:: Exercise data ::
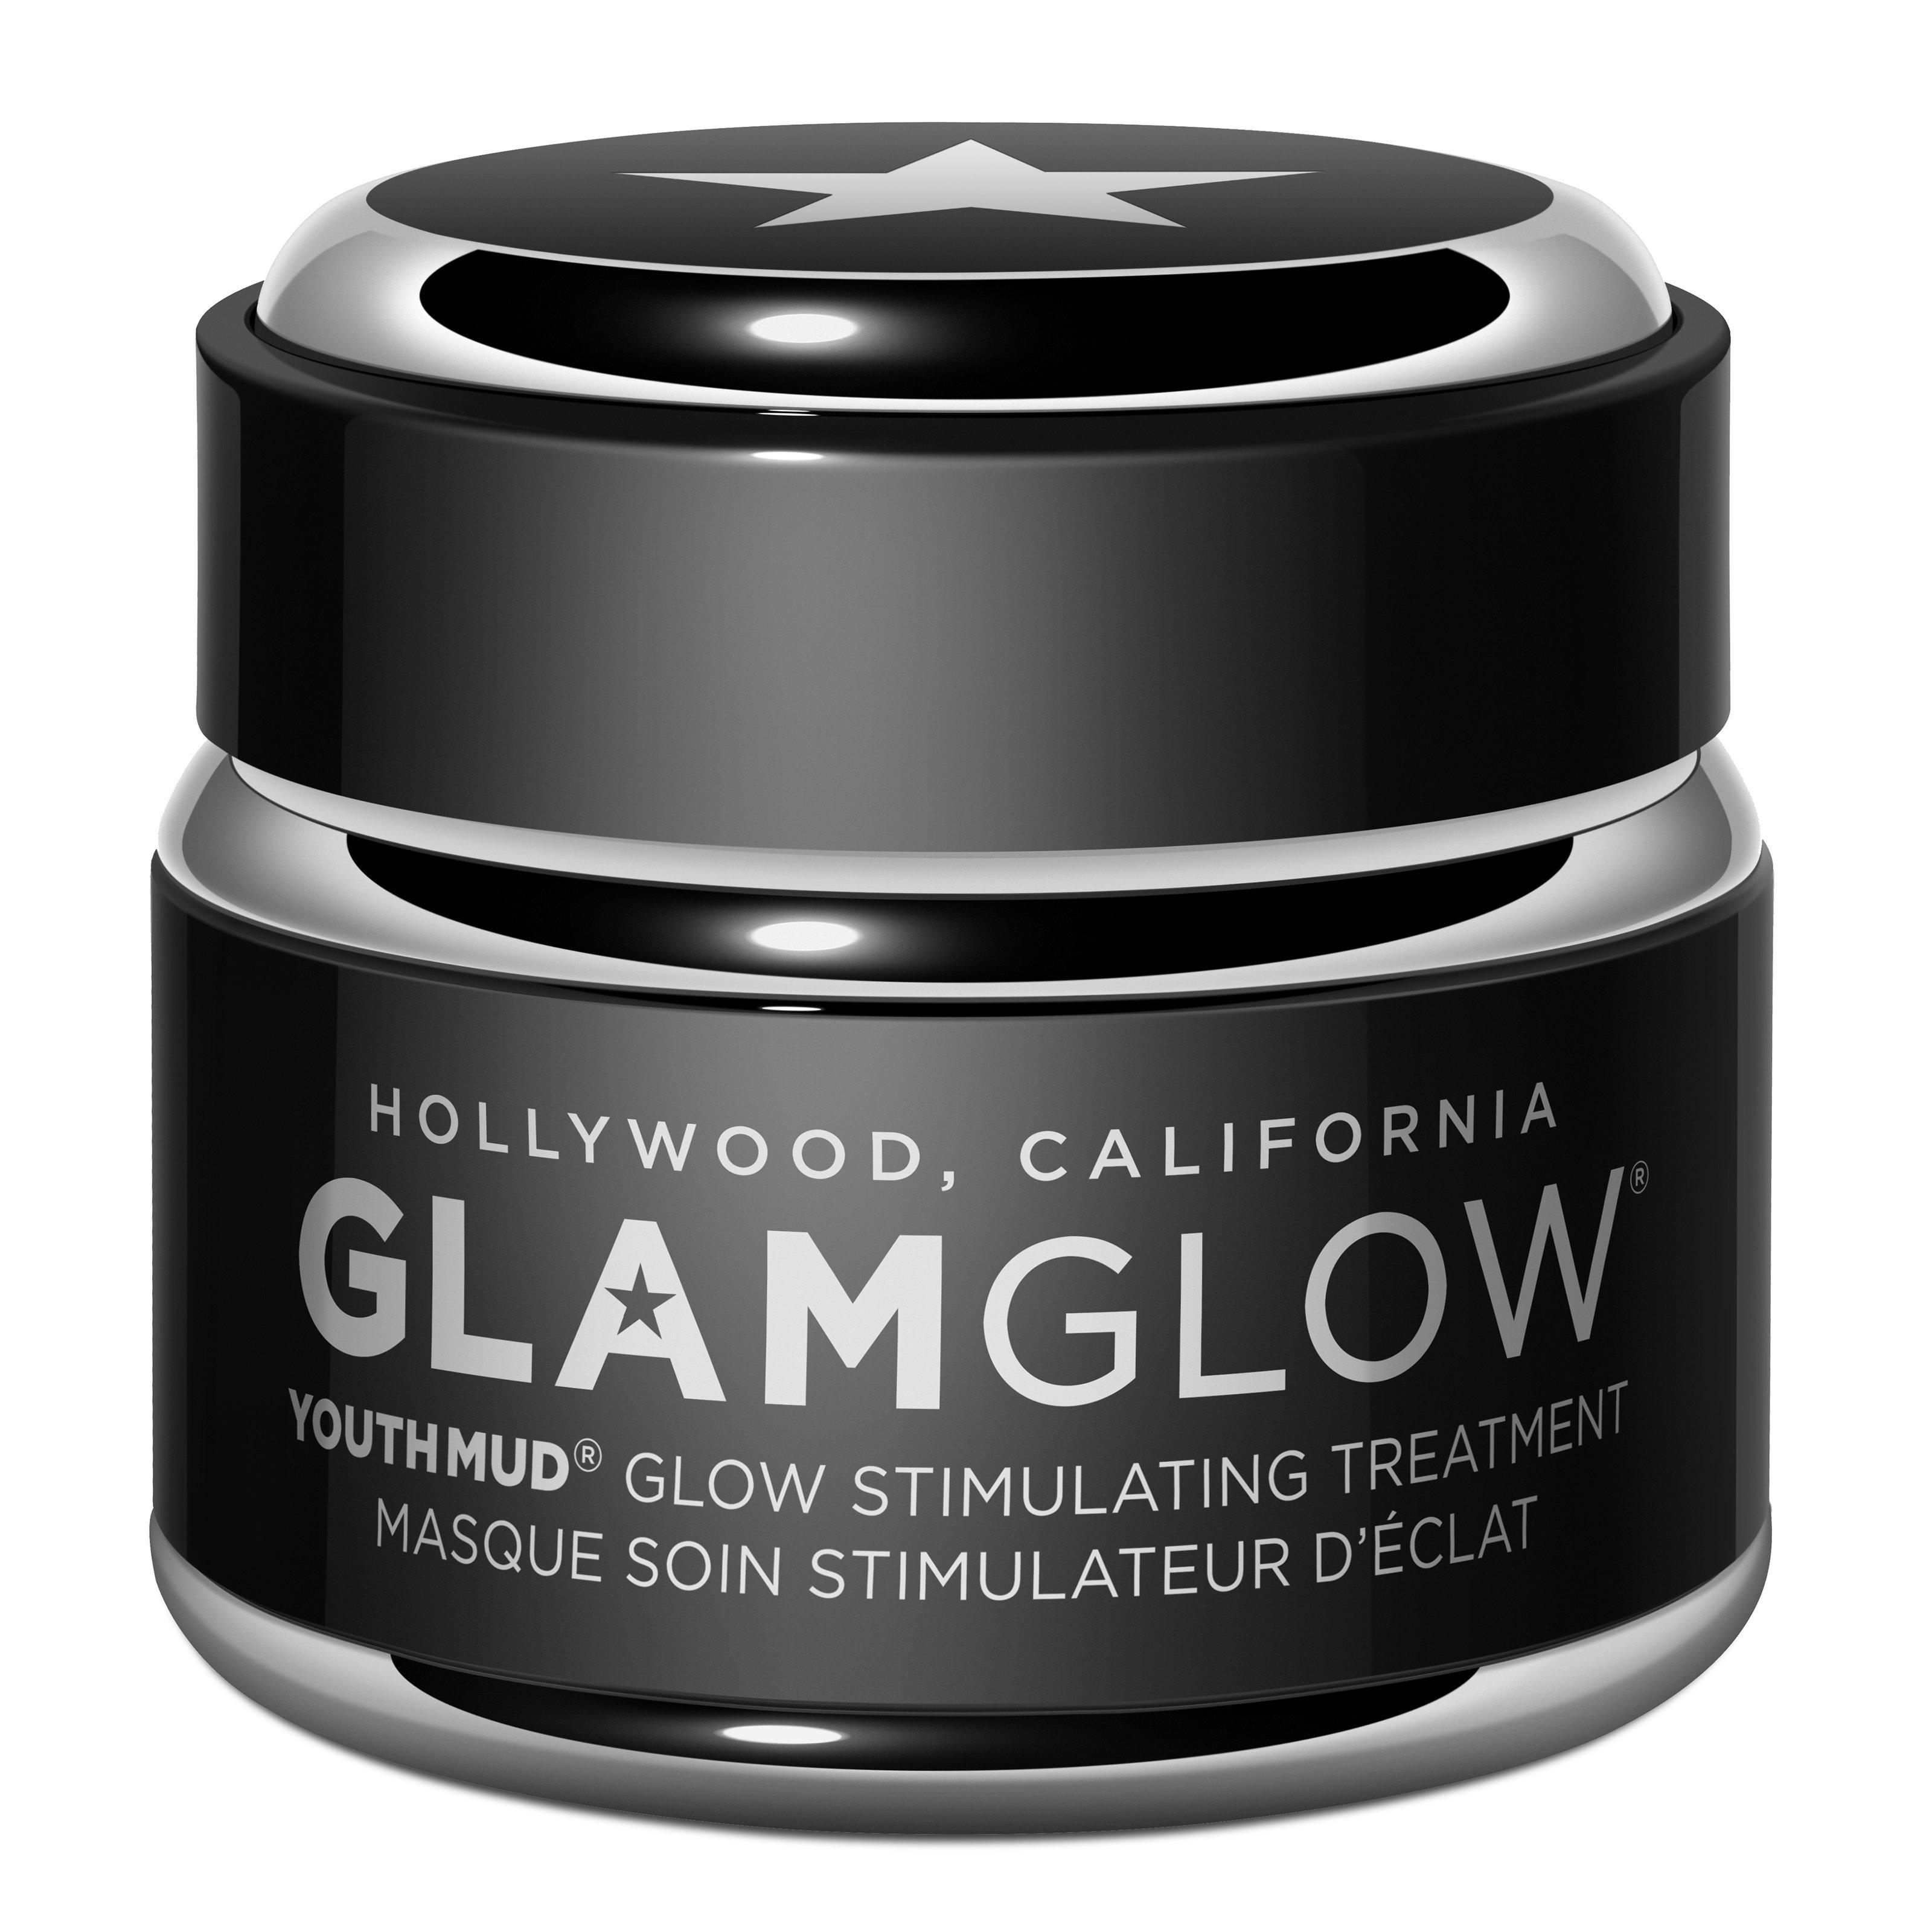 Glamglow Youthmud Glow Stimulating Treatment Mask Μάσκα Απολέπισης και Λάμψης 50gr
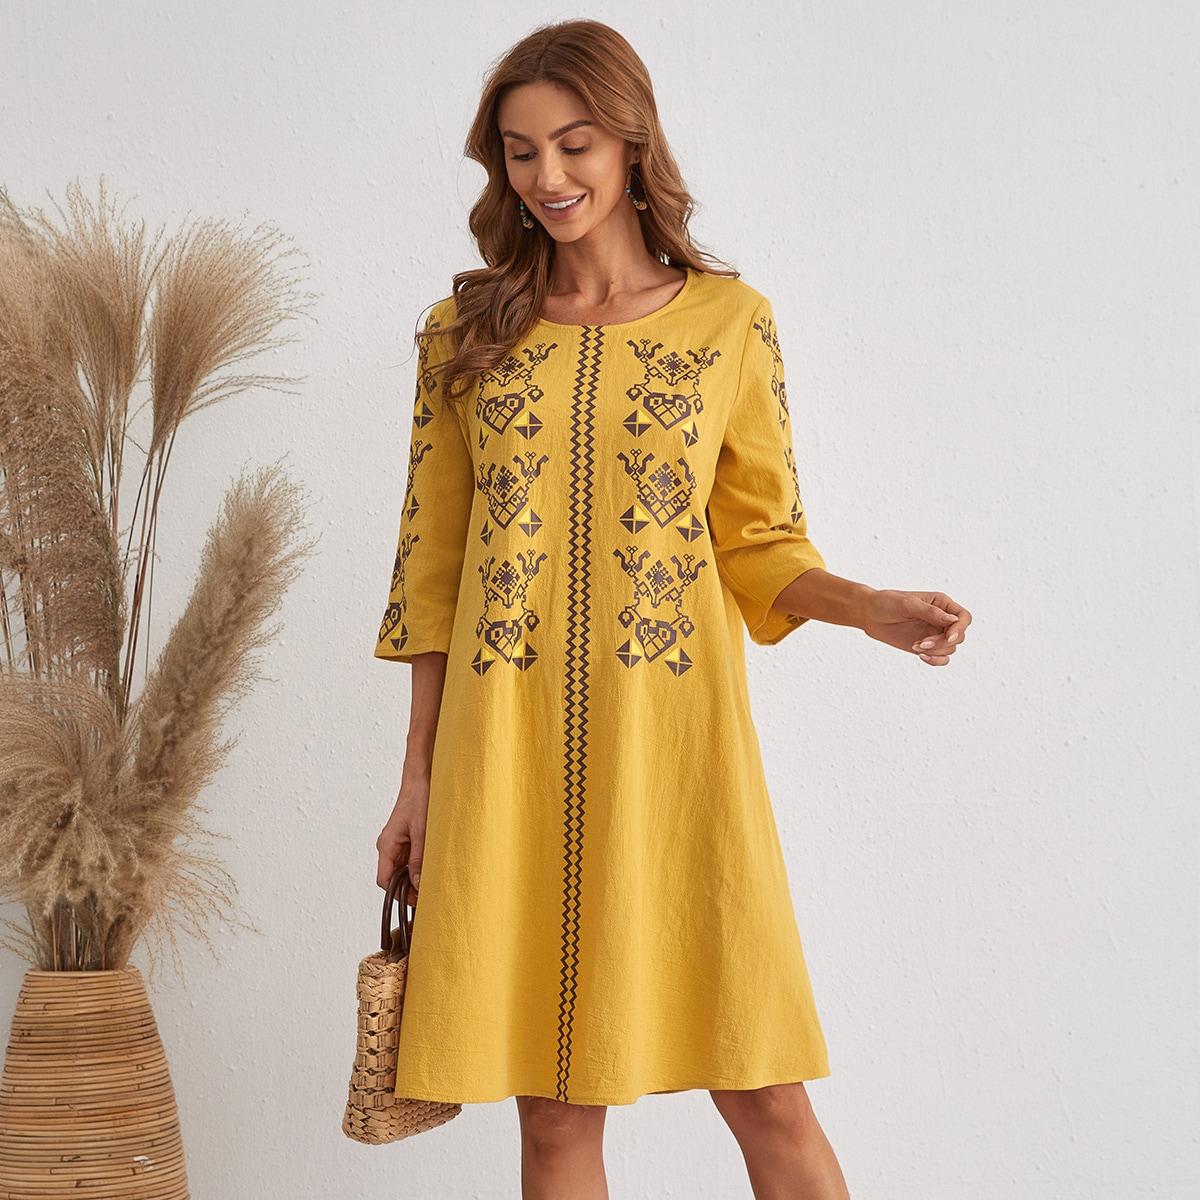 Tunika Kleid mit Geometrie Muster
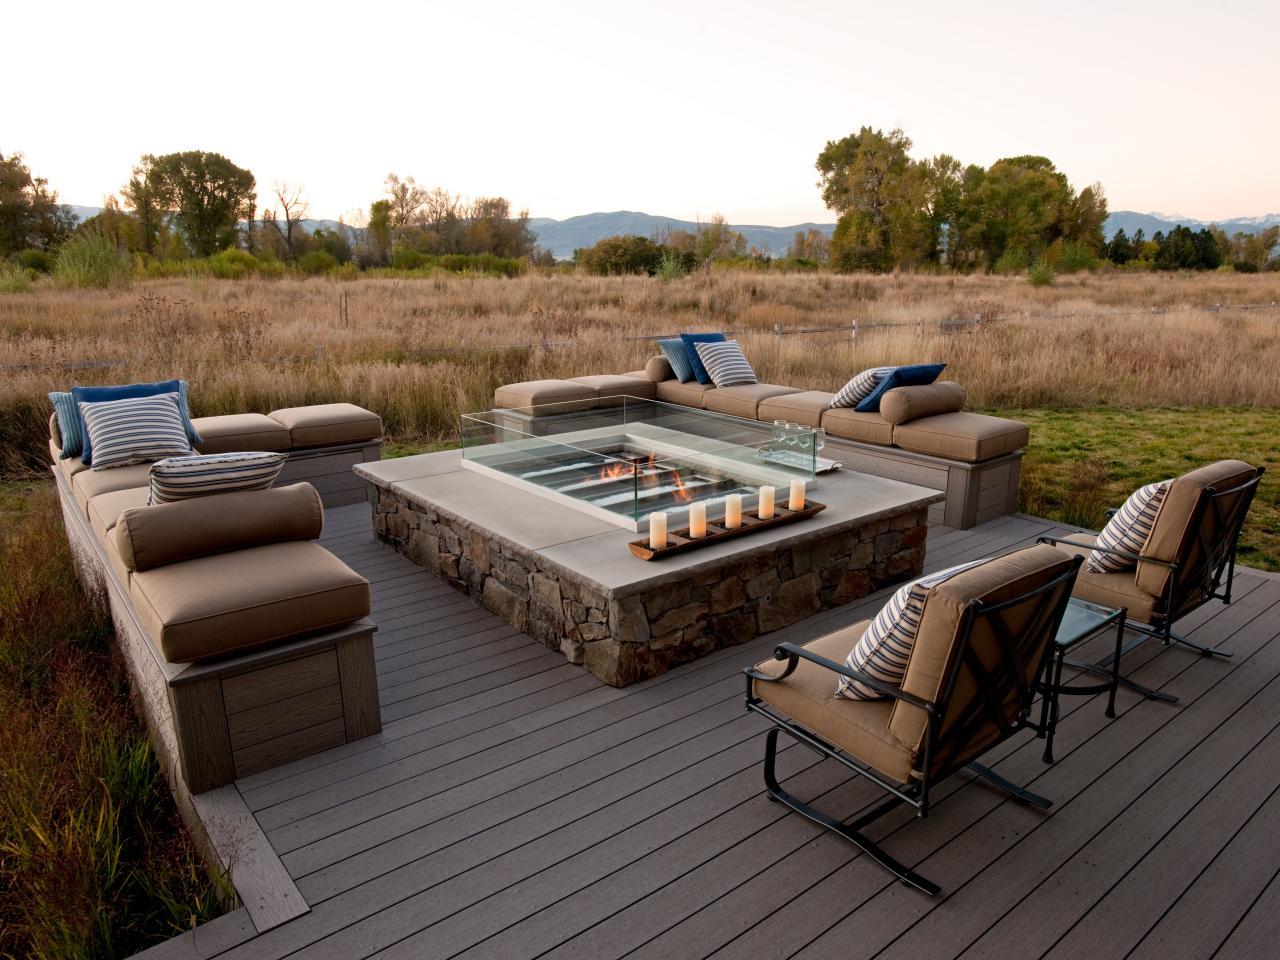 Decks With Gas Fire Pit Decks Ideas inside size 1280 X 960
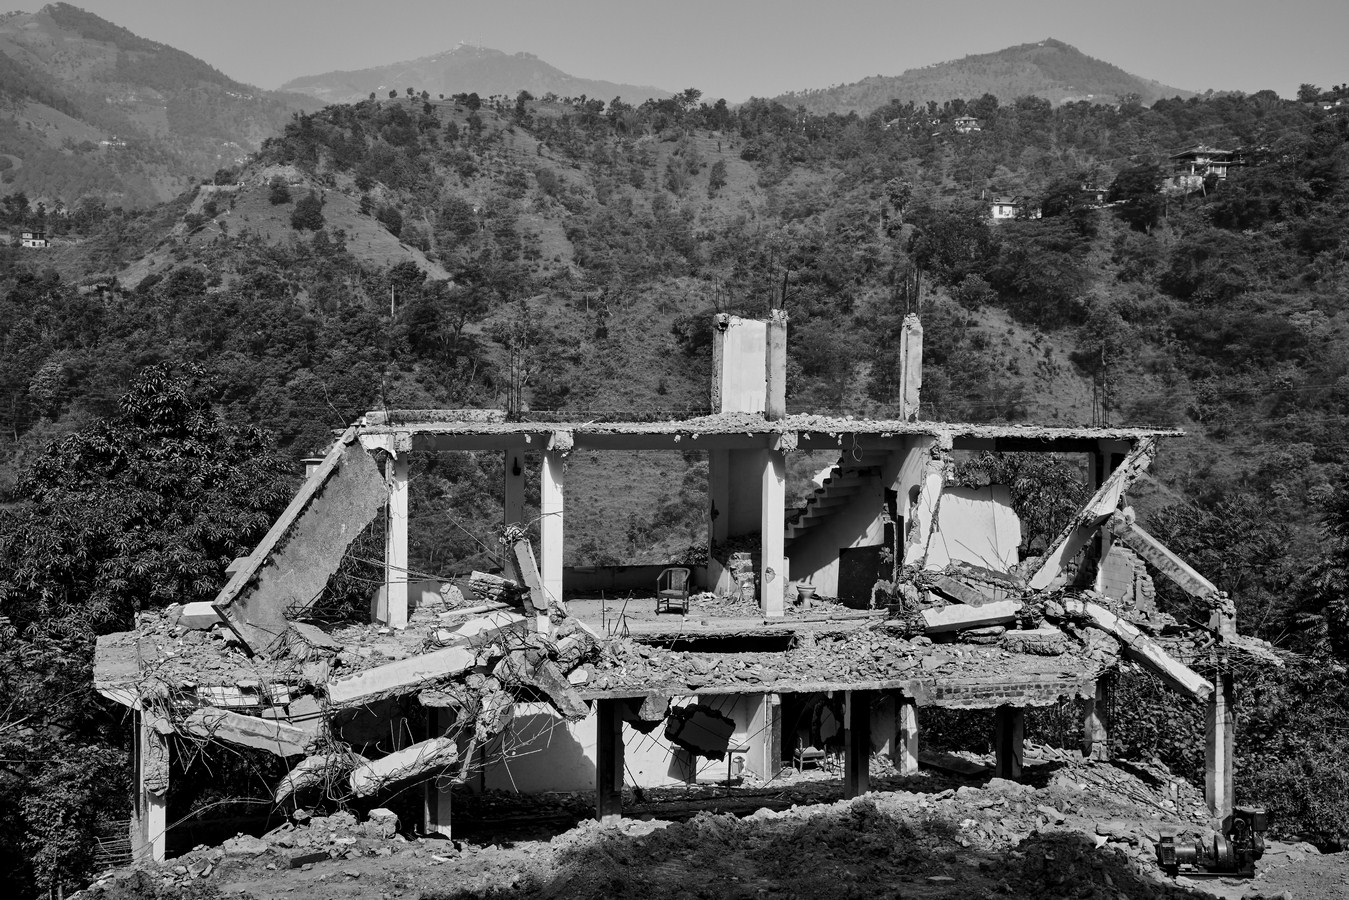 "Kund Village,Himachal Pradesh, India | Photograph |24"" x 36"" |2016"

:: Task prompt ::
All that is required is an exact reproduction of the lines from the one containing "Decks With Gas" to the final line of the listing above, pictures omitted.

:: Solution below ::
 Decks With Gas Fire Pit Decks Ideas inside size 1280 X 960
 "Kund Village,Himachal Pradesh, India | Photograph |24"" x 36"" |2016"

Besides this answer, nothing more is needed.